Recently, a method was developed that couples bacterial surface-display of genetically-encoded peptide libraries with cell sorting and deep sequencing to compare the phosphorylation of hundreds-to-thousands of discrete sequences by individual tyrosine kinases^53,54. This platform was used to analyze comprehensive point-mutant libraries derived from key phosphorylation sites in T cell receptor and epidermal growth factor receptor (EGFR) signaling. The sequence-activity relationships extracted from these screens revealed an electrostatic selection mechanism in the T cell kinase ZAP-70 that controls ordered signaling upon T cell activation and likely contributes to the accuracy of the T cell response^53,54. The screens also revealed functional trade-offs in the evolution of EGFR substrates. Specifically, the data suggest that the sequences of phosphorylation sites in the EGFR tail have been tuned to suppress phosphorylation by cytoplasmic tyrosine kinases, such as c-Src and c-Abl, at the expense of tight binding to downstream effectors⁵⁵.

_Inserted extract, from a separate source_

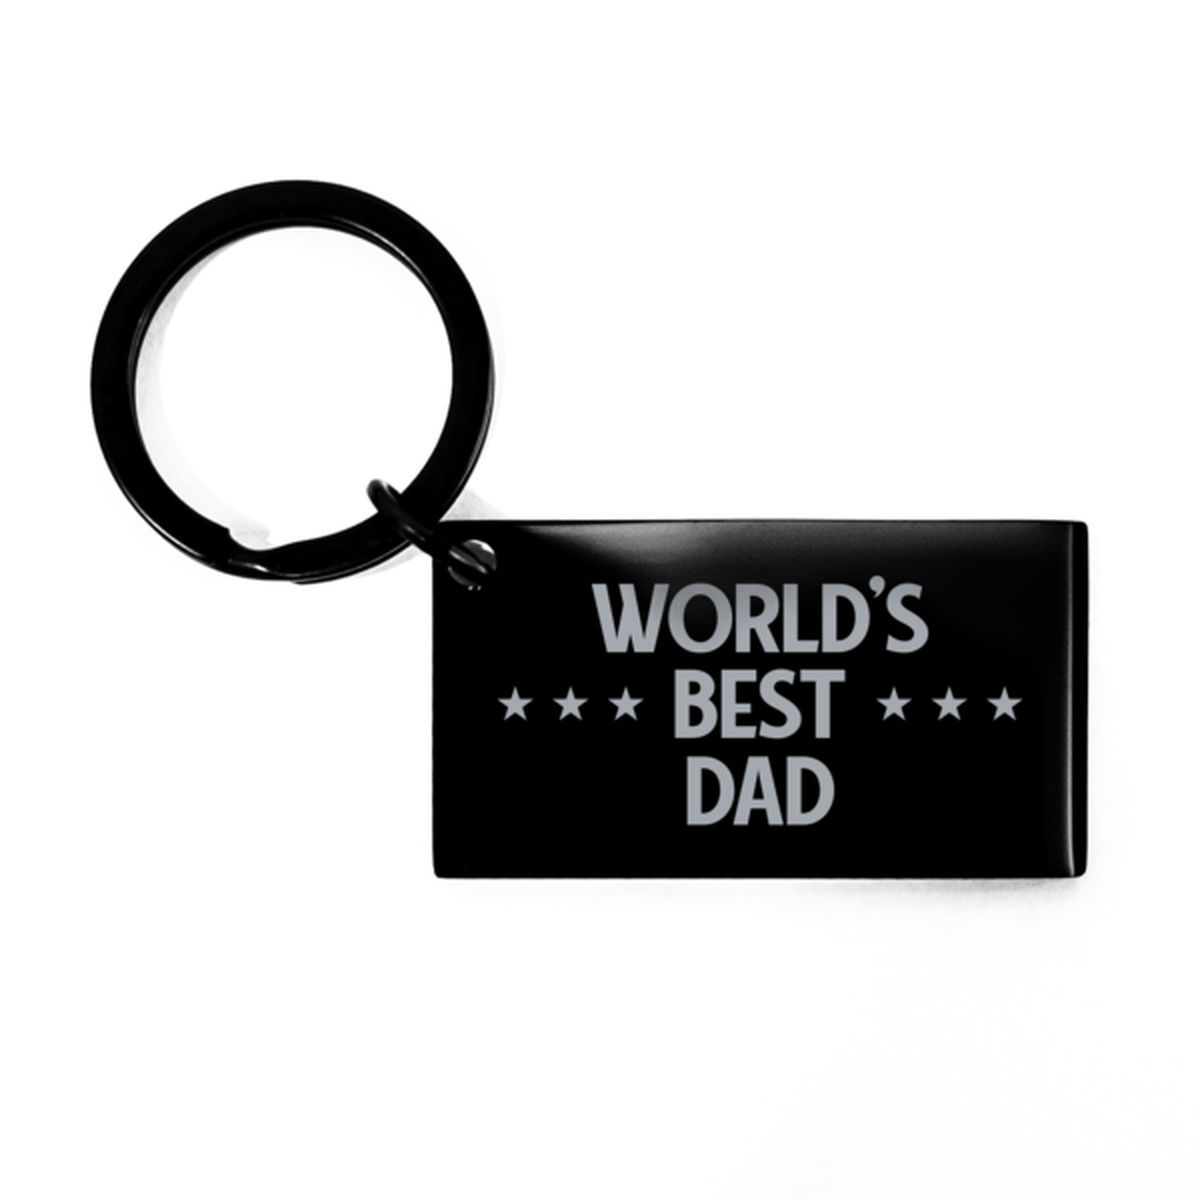 Worlds Best Dad Gifts, Funny Black Engraved Keychain For Dad, Birthday Presents For Men

One observation that emerged from these investigations is that the successful coordination of the actions of multiple tyrosine kinases in a pathway often hinges on strong exclusionary rules at the residue immediately preceding the tyrosine phosphosite (the “−1” position). A comparison of specificity preferences at the −1 position across several kinases, coupled with sequence and structural analysis, has identified a specific residue in the F-G loop of the tyrosine kinase domain that can tune −1 preferences dramatically to direct substrate specificity (Figure 2B) ^54,55.

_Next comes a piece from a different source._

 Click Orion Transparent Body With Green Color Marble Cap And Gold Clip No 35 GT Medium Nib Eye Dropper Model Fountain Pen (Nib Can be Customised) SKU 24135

Ancestral sequence reconstruction has been used by Holt, Turk, and co-workers to pinpoint the molecular determinants of kinase specificity, as illustrated for the divergence in specificity within the CMGC family of serine/threonine kinases⁵⁶. Biochemical characterization of predicted ancestral sequences revealed that the identity of a single residue adjacent to the conserved Asp-Phe-Gly (DFG) motif in the activation loop of these kinases controls preferences for the residue at the +1 position in substrates. These experiments also showed that the specificity switch from a preferred +1 Pro to +1 Arg residue in one branch of the CMGC tree likely occurred through a promiscuous intermediate with dual specificity at this position.

Creixell, Linding, and co-workers developed a machine-learning strategy that integrates the full complement of human kinase sequences with experimentally-derived position-specific scoring matrices for hundreds of kinases⁵⁷ to predict residues that impact sequence preferences across the “kinome” ⁵⁸. This strategy recapitulated known specificity determinants obtained through studies on individual kinases, but also revealed a larger, sparse network of residues that control kinase specificity. Notably, many of these residues are distinct from those important for catalytic activity and regulation^59,60, and mutations at some of these positions are found in cancers, where they may rewire the topology of signaling networks⁶¹.

GPCR interactions with G-proteins and ligands

Like kinases, G protein coupled receptors (GPCRs) make up a large fraction (~4%) of the genes in the human genome⁴³. Unlike receptor kinases, which always have distinct extracellular sensory domains separated from intracellular catalytic domains, GPCRs are capable of binding a ligand and generating a signal transduction output using a single integrated transmembrane module¹³. Despite the growing number of crystal structures of GPCRs bound to extracellular and intracellular ligands, our understanding of the molecular determinants of ligand selectivity, and how distinct ligands transduce stimulatory or inhibitory signals in the same receptor, remains incomplete.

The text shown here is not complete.